Two new indole derivatives have been synthesized by a one-pot procedure and their potential as fluorescence probes for metal ions was investigated. The sensor capability of 1 and 2 toward cations such as Ag⁺, Cu²⁺, Zn²⁺, Cd²⁺, Pb²⁺, and Hg²⁻ was studied in dichloromethane solution by absorption, fluorescence emission, and ¹H NMR titrations. Both probes showed selectivity for Ag⁺ and Hg²⁺ ions. The results suggest that these compounds may serve as promising models for future design of novel and more potent sensors.     

Highly selective fluorescent chemosensors for cadmium in water

The design, synthesis and photophysical evaluation of two new chemosensors 1 and 2 is described for the selective detection of Cd(II) in water at pH 7.4. Both are based on the use of aromatic iminodiacetate receptors that connected to an anthracene fluorophore by covalent methyl spacers. These are highly water-soluble sensors where the fluorescence is ‘switched off’ between pH 3-11, due to photoinduced electron transfer (PET) quenching of the anthracene excited state by the receptor. Upon protonation of the receptor, the emission was however, ‘switched on’. From these changes pK_as of 1.8 and 2.5 were determined for 1 and 2 respectively. Both showed good selectivity for Cd(II) over competitive ions such as group II and Zn(II), Cu(II), Co(II). For 1, having a single receptor, only a weak monomer anthracene emission was observed for the free sensor at pH 7.4 (HEPES buffer, 135 mM NaCl). Upon Zn(II) titration, a broad red shifted emission occurred, centred at 468 nm. In the presence of Cd(II), a similar red shifted emission was also observed, however, this time centred at 506 nm. In contrast to these results, the fluorescence of 2 in the presence of Zn(II) gave rise to typical monomeric anthracene emission, due to suppression of PET, that is, the anthracene emission was ‘switched on’. Nevertheless, in the presence of Cd(II) a broad emission centred at 500 nm was observed, similar to that seen for 1. These ion induced long wavelength emission bands were assigned to the formation of charge-transfer complexes (exciplexes) between the anthracene moieties and the ion-receptor complexes. Importantly, for both 1 and 2, a selective detection of Cd(II) was possible, even in the presence of Zn(II).     

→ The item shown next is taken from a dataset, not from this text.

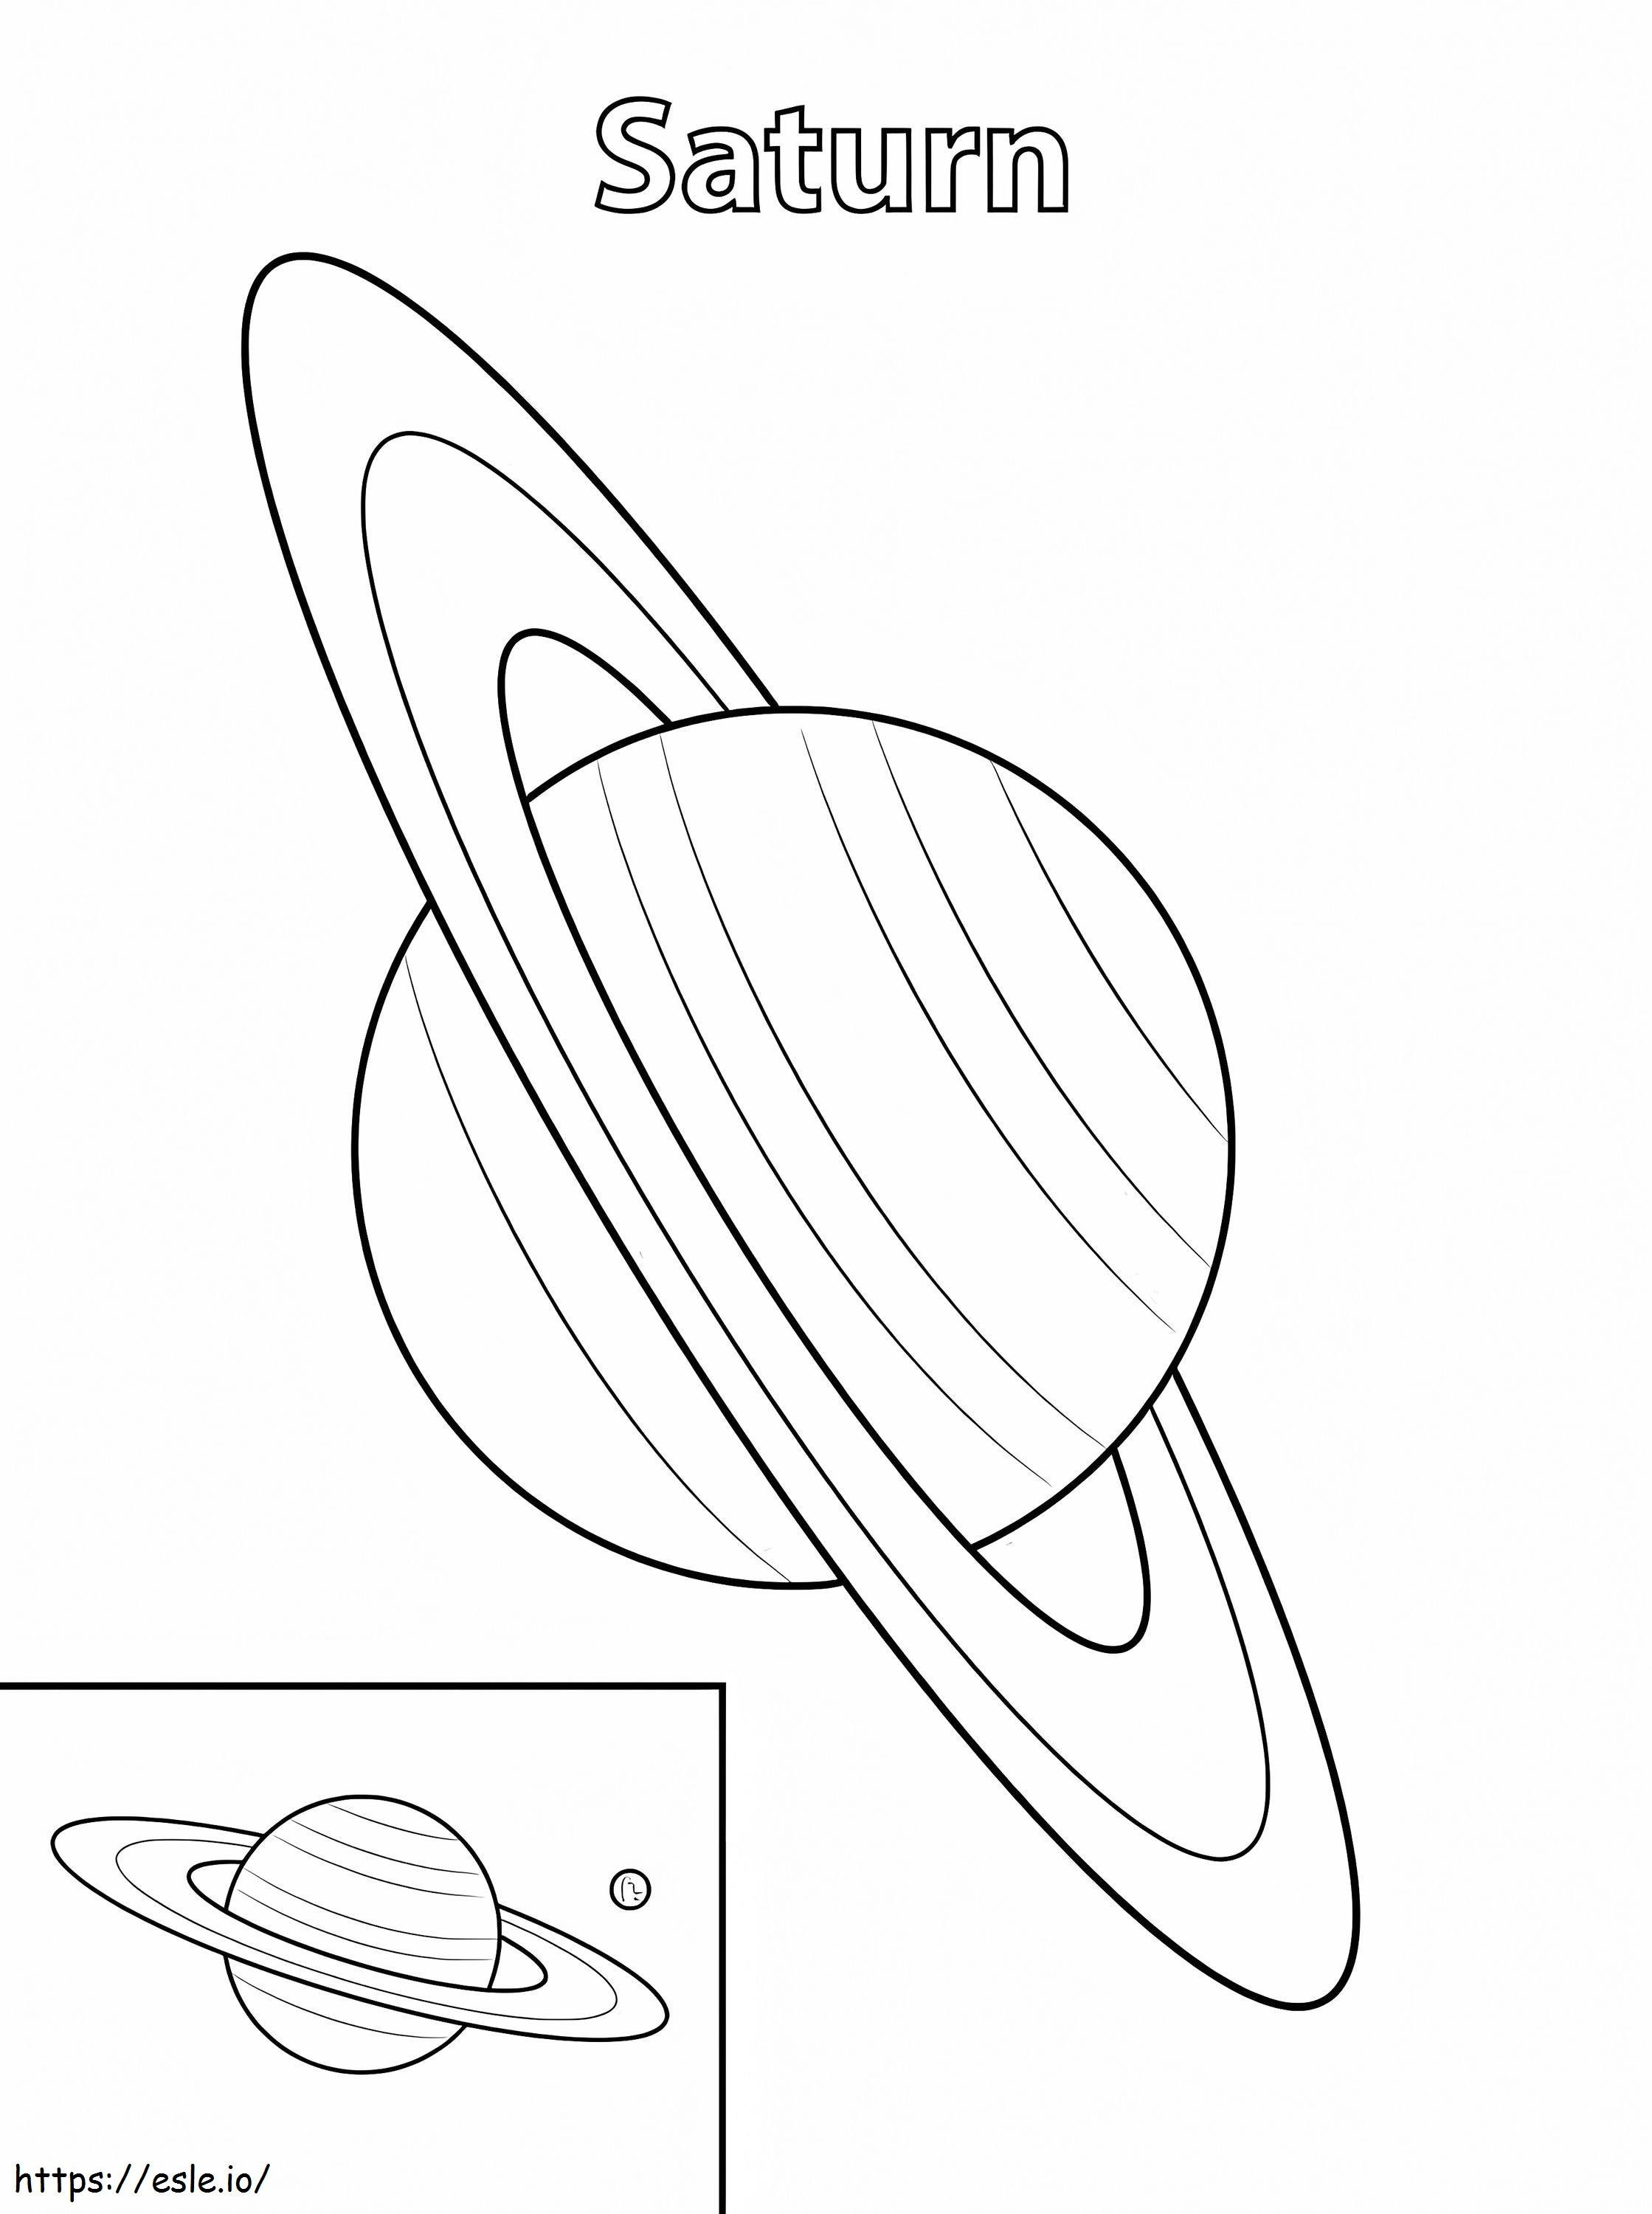 Planet Saturn ausmalbilder

Hg sensing in aqueous solutions: an intramolecular charge transfer emission quenching fluorescent chemosensors

Compounds 4a and 4b, comprising an anthracene moiety as the fluorophore and a pair of dithiocarbamate functionalities as ligating groups, were designed as fluorescent chemosensors for Hg(II). In aqueous solvent systems, upon excitation, in addition to the normal emission bands of locally excited (LE) state of anthracene, both compounds show a prominent pH-independent intramolecular charge transfer (ICT) emissive band, which can be modulated by Hg²⁺ binding. The systems can be exploited to develop a fluorescent sensitive probe for Hg²⁺.